Антуан потянулся к телефону.
– Мисс Хаймс, – сказал он в трубку, – будьте любезны, не найдете ли вы мистера Турна? Да-да, Геррит Биллем Турн. Попробуйте позвонить в «Палмер-хаус», может быть, он еще не уехал.
Он кинул взгляд на Эсфирь.
– Скрестите пальцы!
– Я очень признателен, – часом позже сказал Жолие, – что вы согласились нас принять. Извините, что так неожиданно…
Грузный мужчина, открывший им дверь, что-то невнятно буркнул, выдернул руку и вперевалку вернулся в комнату. При ходьбе он опирался на две трости, украшенные серебряными набалдашниками в форме театральных масок – одна комедийная, другая трагедийная. Добравшись до дивана, он медленно повернулся и сел. Его крупная, совершенно лысая голова с пятнами старческой пигментации и с седыми кустистыми бровями, казалось, вдавливала нижнюю часть лица в плечи, заставляя щеки расплываться на манер жабо. На кофейном столике лежали белые перчатки и старомодная широкополая шляпа.

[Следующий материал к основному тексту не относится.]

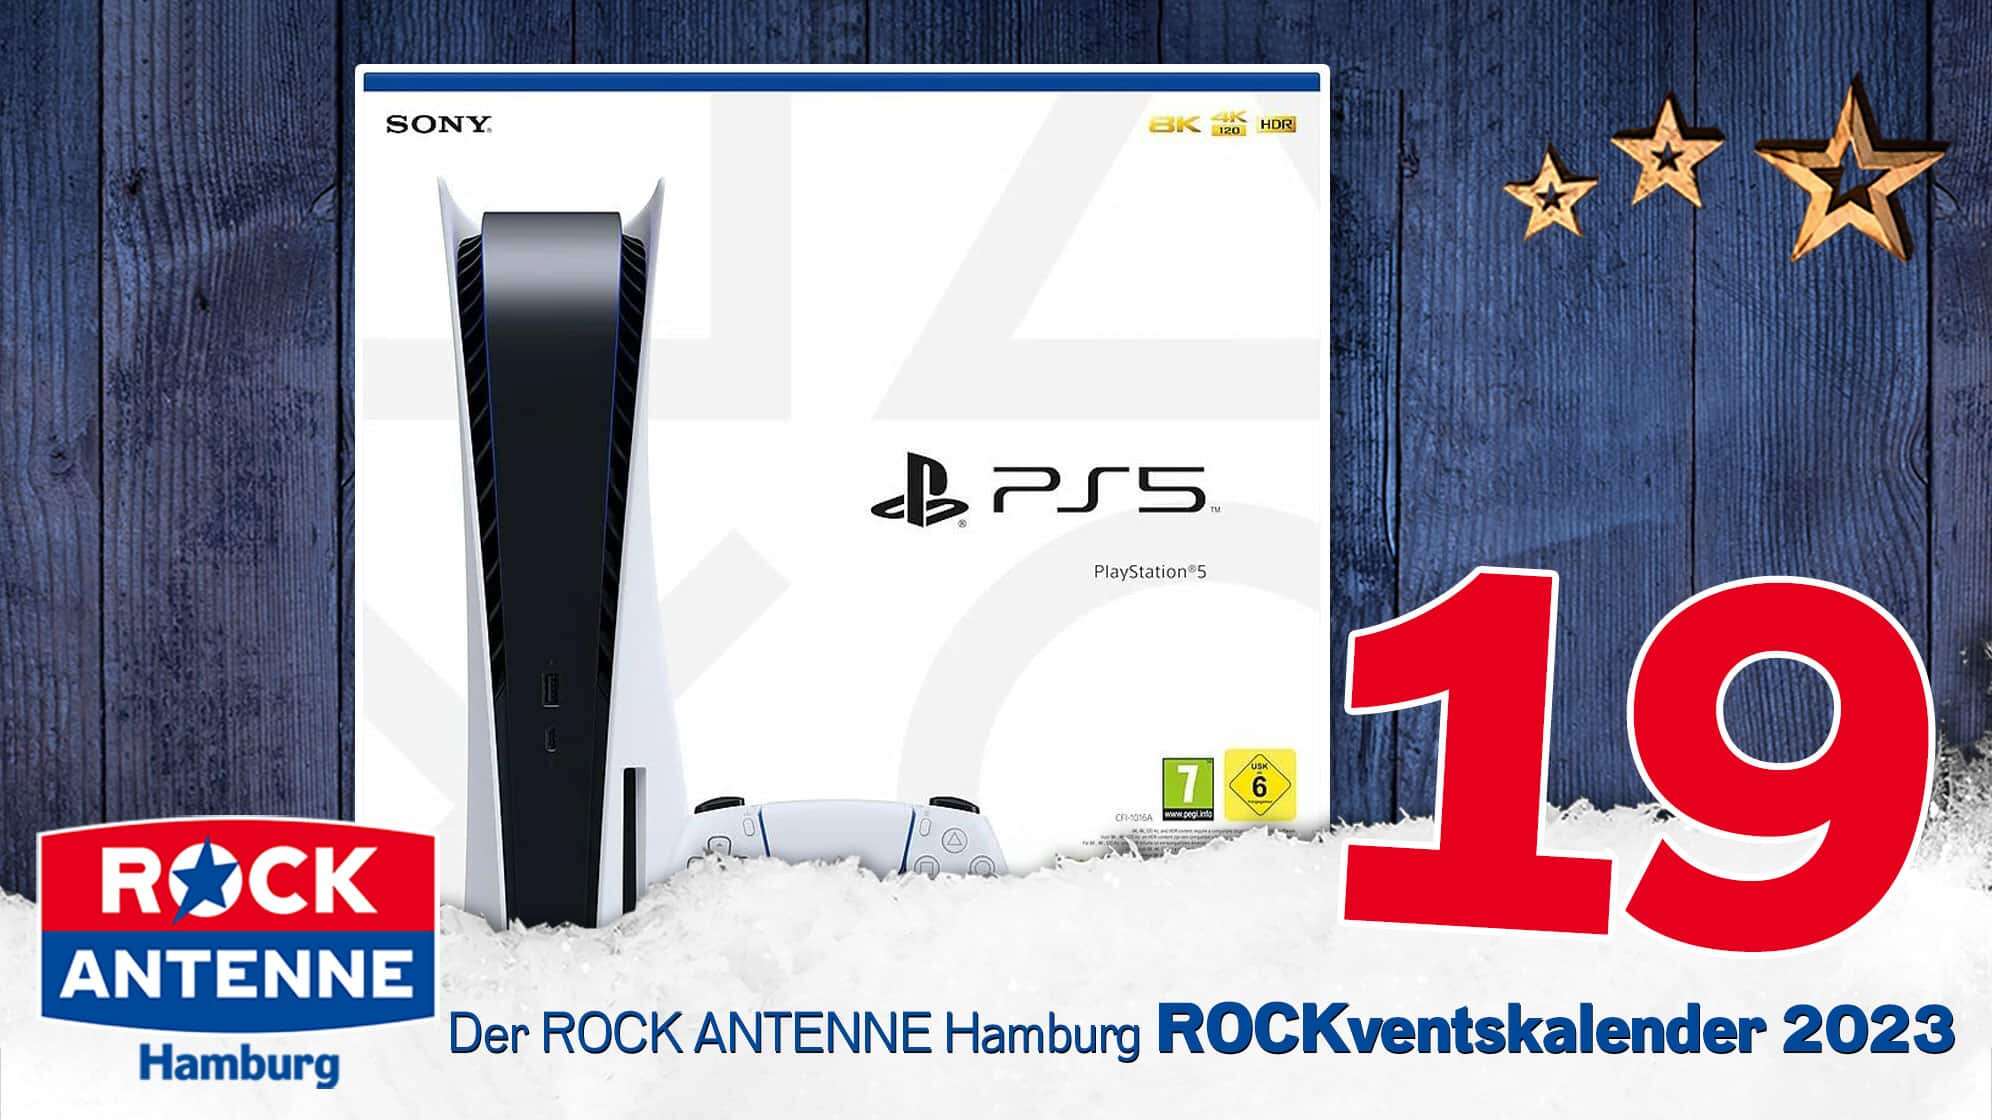 ROCK ANTENNE Hamburg ROCKventskalender Türchen 19: Eine Playstation 5 Konsole von Sony

– Для ваш, Антуан, все для ваш, – проворчал он. В начале разговора слова выходили у него глухо, он порой путал звуки или подменял их каким-то странным шипением. – Я ваш уверяю. Ш моим удовольствием. Кто ваши друзья?
– Это мистер Мартин Хенсон, а это – мисс Эсфирь Горен.
– Рат, вешма рат, миштер Хеншон. Миш Горен. Извините, что шижу, но…
– Пожалуйста, не беспокойтесь, – вежливо произнес Хенсон. Они обменялись рукопожатием.
– Я должен шкажать, что приехал в Чикаго по шовершенно конфиденциальному делу и только профешшор Шолиет шмог бы упетить меня…
– Мы высоко ценим вашу любезность, – тут же отреагировал Жолие.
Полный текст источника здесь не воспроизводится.